JDV: It’s RP’s final chance to shift to parliamentary system

Speaker Jose de Venecia Jr. declared yesterday that this year is the "final chance" for the nation to shift to a parliamentary unicameral form of government.

Speaking before a joint session of Congress for President Arroyo’s State of the Nation Address, De Venecia said efforts to amend the Constitution must now be resumed "in high gear" because this is the "best time" for the Philippines to give up the bicameral presidential system.

"This year I believe we have reached a point where Charter reform has become inevitable on the historic and strategic scale," he said. "We have awakened a national consensus for constitutional reform."

De Venecia said lawmakers, as representatives of the 84 million Filipinos, would cross party lines to decide on "the great issues of constitutional change."

"We are already running out of time - and many of our independent-thinking citizens have said time and again that constitutional change is the last remaining hope of our people," he said.

"More than anything, this last session gives us the final chance to replace through charter reform an inefficient and inflexible system that, by its weakness, breeds extremist plots to seize power," the Speaker added.

De Venecia said the shift to a parliamentary form of government could be done through a people’s initiative and by Congress convened as a constituent assembly.

"If our country is to end its endemic crises, we must renew — we must reinvigorate — our political institutions," he said. "Charter reform is the key to all these beneficent changes essential to our political life as a nation."

De Venecia said shifting from the bicameral presidential system to a unicameral parliamentary form is "a cause greater than ourselves and our ambitions."

"In these parlous times, politics must become what the Czech intellectual Vaclav Havel calls the art of the impossible — the art of transcending partisan interests in a collective and cooperative effort to make both our country and ourselves better," he said.
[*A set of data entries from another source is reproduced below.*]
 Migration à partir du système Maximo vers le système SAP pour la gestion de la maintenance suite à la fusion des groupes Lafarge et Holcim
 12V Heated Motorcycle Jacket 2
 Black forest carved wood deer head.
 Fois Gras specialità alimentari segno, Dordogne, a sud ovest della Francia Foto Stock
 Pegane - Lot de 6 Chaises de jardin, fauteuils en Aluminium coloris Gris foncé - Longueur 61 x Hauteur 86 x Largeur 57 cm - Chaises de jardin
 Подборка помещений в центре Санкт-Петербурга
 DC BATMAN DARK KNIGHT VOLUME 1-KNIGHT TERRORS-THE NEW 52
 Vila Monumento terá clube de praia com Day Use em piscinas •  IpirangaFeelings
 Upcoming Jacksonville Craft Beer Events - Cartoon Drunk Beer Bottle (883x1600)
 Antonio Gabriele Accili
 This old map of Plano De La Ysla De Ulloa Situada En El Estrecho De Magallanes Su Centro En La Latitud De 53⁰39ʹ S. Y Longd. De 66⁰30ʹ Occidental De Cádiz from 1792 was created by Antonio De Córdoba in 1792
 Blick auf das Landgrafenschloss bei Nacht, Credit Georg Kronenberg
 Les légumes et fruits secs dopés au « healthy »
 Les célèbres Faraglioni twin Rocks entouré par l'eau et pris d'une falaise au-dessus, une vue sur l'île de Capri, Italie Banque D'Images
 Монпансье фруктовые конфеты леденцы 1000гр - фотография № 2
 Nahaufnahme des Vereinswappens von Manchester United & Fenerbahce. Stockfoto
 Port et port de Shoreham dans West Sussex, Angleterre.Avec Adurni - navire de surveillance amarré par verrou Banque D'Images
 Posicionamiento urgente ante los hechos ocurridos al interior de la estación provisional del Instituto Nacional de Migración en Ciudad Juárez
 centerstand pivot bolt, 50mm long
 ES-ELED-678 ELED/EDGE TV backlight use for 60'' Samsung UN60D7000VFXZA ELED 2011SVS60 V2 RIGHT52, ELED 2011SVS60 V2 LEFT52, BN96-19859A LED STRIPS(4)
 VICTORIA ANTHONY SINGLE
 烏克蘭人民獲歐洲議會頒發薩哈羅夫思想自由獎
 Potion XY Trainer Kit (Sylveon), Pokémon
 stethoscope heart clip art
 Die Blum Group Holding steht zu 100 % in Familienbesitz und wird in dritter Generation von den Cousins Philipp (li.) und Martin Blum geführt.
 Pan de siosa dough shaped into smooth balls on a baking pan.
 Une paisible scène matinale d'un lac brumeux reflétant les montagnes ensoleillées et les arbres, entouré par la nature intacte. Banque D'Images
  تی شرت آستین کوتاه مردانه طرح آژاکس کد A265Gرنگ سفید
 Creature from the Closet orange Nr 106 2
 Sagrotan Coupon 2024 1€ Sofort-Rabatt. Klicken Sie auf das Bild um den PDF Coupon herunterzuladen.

De Venecia, an ally of Mrs. Arroyo, took a swipe at the opposition-dominated Senate, which has rejected proposals to merge with the House to form a unicameral legislature.

"The Senate, regrettably, did not share this House’s sense of urgency in dealing with this great reform initiative," he said. "It is tragic that the two Houses should be working at cross-purposes — when they should be cooperating in harmony to advance the national purpose."

Early this year, the House and the Senate suffered a deadlock on what mode the government has to take to effect changes in the Constitution.

Senators rejected proposals for Congress to convene as a constituent assembly in favor of a constitutional convention, which the House finds to be too expensive.

Allies of Mrs. Arroyo in the House want the Constitution amended by way of constituent assembly, although the government is also open to the idea of people’s initiative, which has so far gathered almost nine million signatures.

If Congress is convened as a constituent assembly, senators want the Senate and the House to vote separately on proposed amendments to the Constitution, and for each house to muster a vote of three-fourths of its members.